I got an original sample data and its simulated data (don't ask me how I simulated), and I want to check if histograms are matching. 我得到了原始样本数据及其模拟数据(不要问我如何模拟),我想检查直方图是否匹配。 So the best way is by qqplot but statsmodels library does not allow samples with different size. 因此,最好的方法是使用qqplot但是statsmodels库不允许使用大小不同的样本。

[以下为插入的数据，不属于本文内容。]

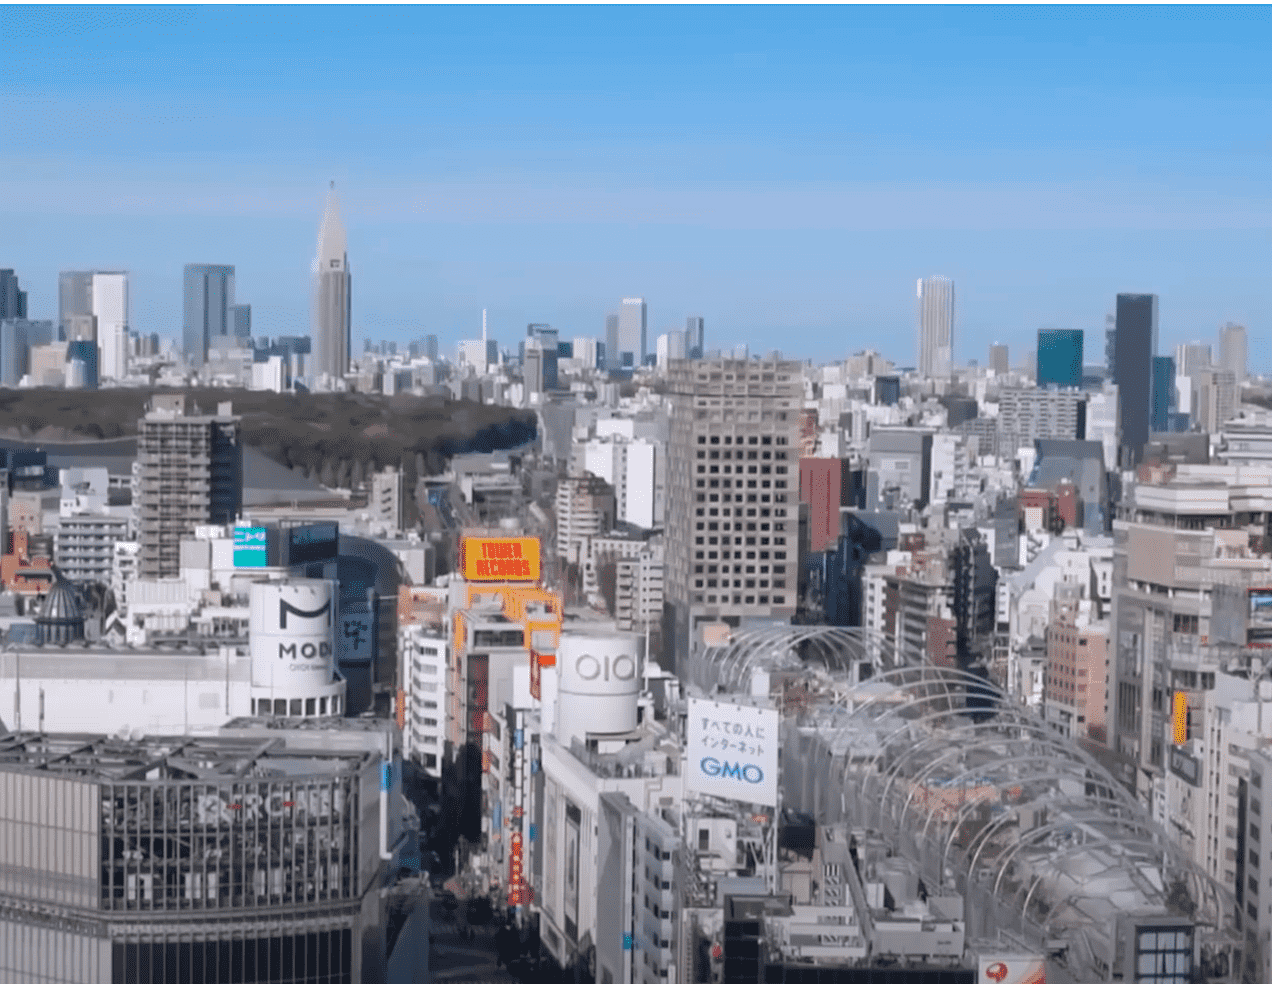 Tokyo's Urban Culture of tomorrow

Constructing a qq plot involves finding corresponding quantiles in both sets and plotting them against one another. 构造一个qq图涉及在两个集合中找到相应的分位数,并将它们相对绘制。 In the case where one set is larger than the other, common practice is to take the quantile levels of the smaller set, and use linear interpolation to estimate the corresponding quantiles in the larger set. 在一个集合大于另一个集合的情况下,通常的做法是采用较小集合的分位数级别,并使用线性插值法估计较大集合中的相应分位数。 This is described here: http://www.itl.nist.gov/div898/handbook/eda/section3/qqplot.htm 此处对此进行了描述: http : //www.itl.nist.gov/div898/handbook/eda/section3/qqplot.htm

This is relatively straightforward to do manually: 手动执行此操作相对简单:

import numpy as np
import pylab

test1 = np.random.normal(0, 1, 1000)
test2 = np.random.normal(0, 1, 800)

#Calculate quantiles
test1.sort()
quantile_levels1 = np.arange(len(test1),dtype=float)/len(test1)

test2.sort()
quantile_levels2 = np.arange(len(test2),dtype=float)/len(test2)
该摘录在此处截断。